Claire yang sejak masuk tadi sama sekali tidak bersuara hanya menerima setumpuk dokumen itu dan tanpa membacanya langsung menandatangani di semua tempat yang telah ditandai, dia ingin Ian segera tertolong, dia tidak peduli lagi apa yang harus ditanda tangani. Dalam hati Ray bersorak, sesuai dugaannya, rencana awalnya berjalan lancar dan membuat hatinya sedikit lebih tenang.

"Kamu tidak membacanya dulu?, Bagaimana jika kamu menandatangani surat penyerahan Ian padaku?" tanya Ray setelah Gery meninggalkan mereka berdua dengan membawa berkas yang telah ditanda tangani Claire dan Ray.

"Aku percaya kamu tidak akan melakukan hal itu." kata Claire singkat dan membuat Ray terdiam.

"Terima kasih karena sudah mempercayaiku. Makanlah dulu, kamu pasti belum makan dari tadi siang. Ian pasti tidak ingin kamu sakit, dan bagaimana kamu bisa menjaga Ian jika kamu sakit?" kata Ray, dia memang sudah meminta anak buahnya menyiapkan makanan untuk Claire, karena dia yakin untuk minum saja Claire tidak akan ingat.

Claire menggeleng, "Jika sudah selesai aku harus kembali keruangan Ian."

"Makan atau aku tidak akan mendonorkan darahku." Ray terpaksa kembali harus mengancam Claire, dia tidak ingin melihat Claire jatuh sakit.

Claire menatap Ray, "Aku tidak ingin kamu sakit." kata Ray pada Claire yang akhirnya mulai mengambil piring yang berisi makanan dan mulai memakannya dalam diam.

Ray lebih memilih Claire mendebatnya daripada mendiamkannya seperti ini, hatinya sakit tetapi dia terpaksa harus menggunakan ancaman untuk Claire karena dia yakin saat ini Claire tidak akan memikirkan dirinya sendiri dan dia tidak ingin Claire jatuh sakit.

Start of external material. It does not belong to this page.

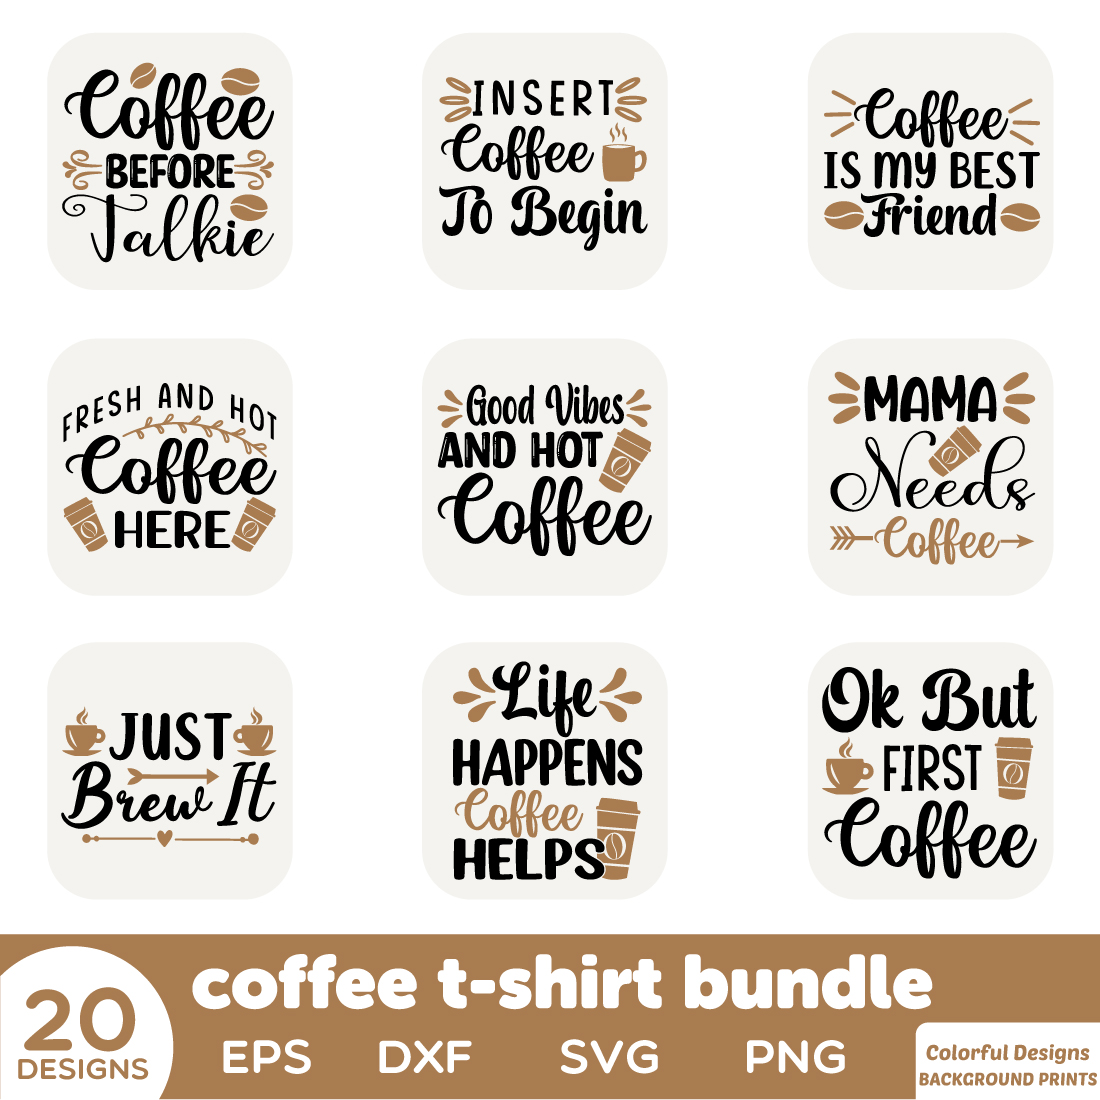 Coffee t-shirt bundle preview image.

"Sudah, aku ingin kembali menemani Ian." Kata Claire sambil meletakan piring kosong, dia sama sekali tidak merasa lapar, sekarang pikirannya hanya pada Ian yang terbaring tidak sadarkan diri, tetapi jika dia tidak memakannya maka Ray tidak akan memberikan darahnya, tetapi apa yang dikatakan Ray bernar, bagaimana dia bisa menjaga Ian jika dia sakit, tetapi bagaimana dia bisa makan jika dia tidak tahu bagaimana kondisi Ian?.

"Aku akan mengantarkanmu." Kata Ray yang berdiri lebih dulu, berjalan ke pintu dan membukanya untuk Claire. Ray berjalan dibelakang Claire, dia bisa merasakan jika Claire benar-benar kehilangan cahaya hidupnya.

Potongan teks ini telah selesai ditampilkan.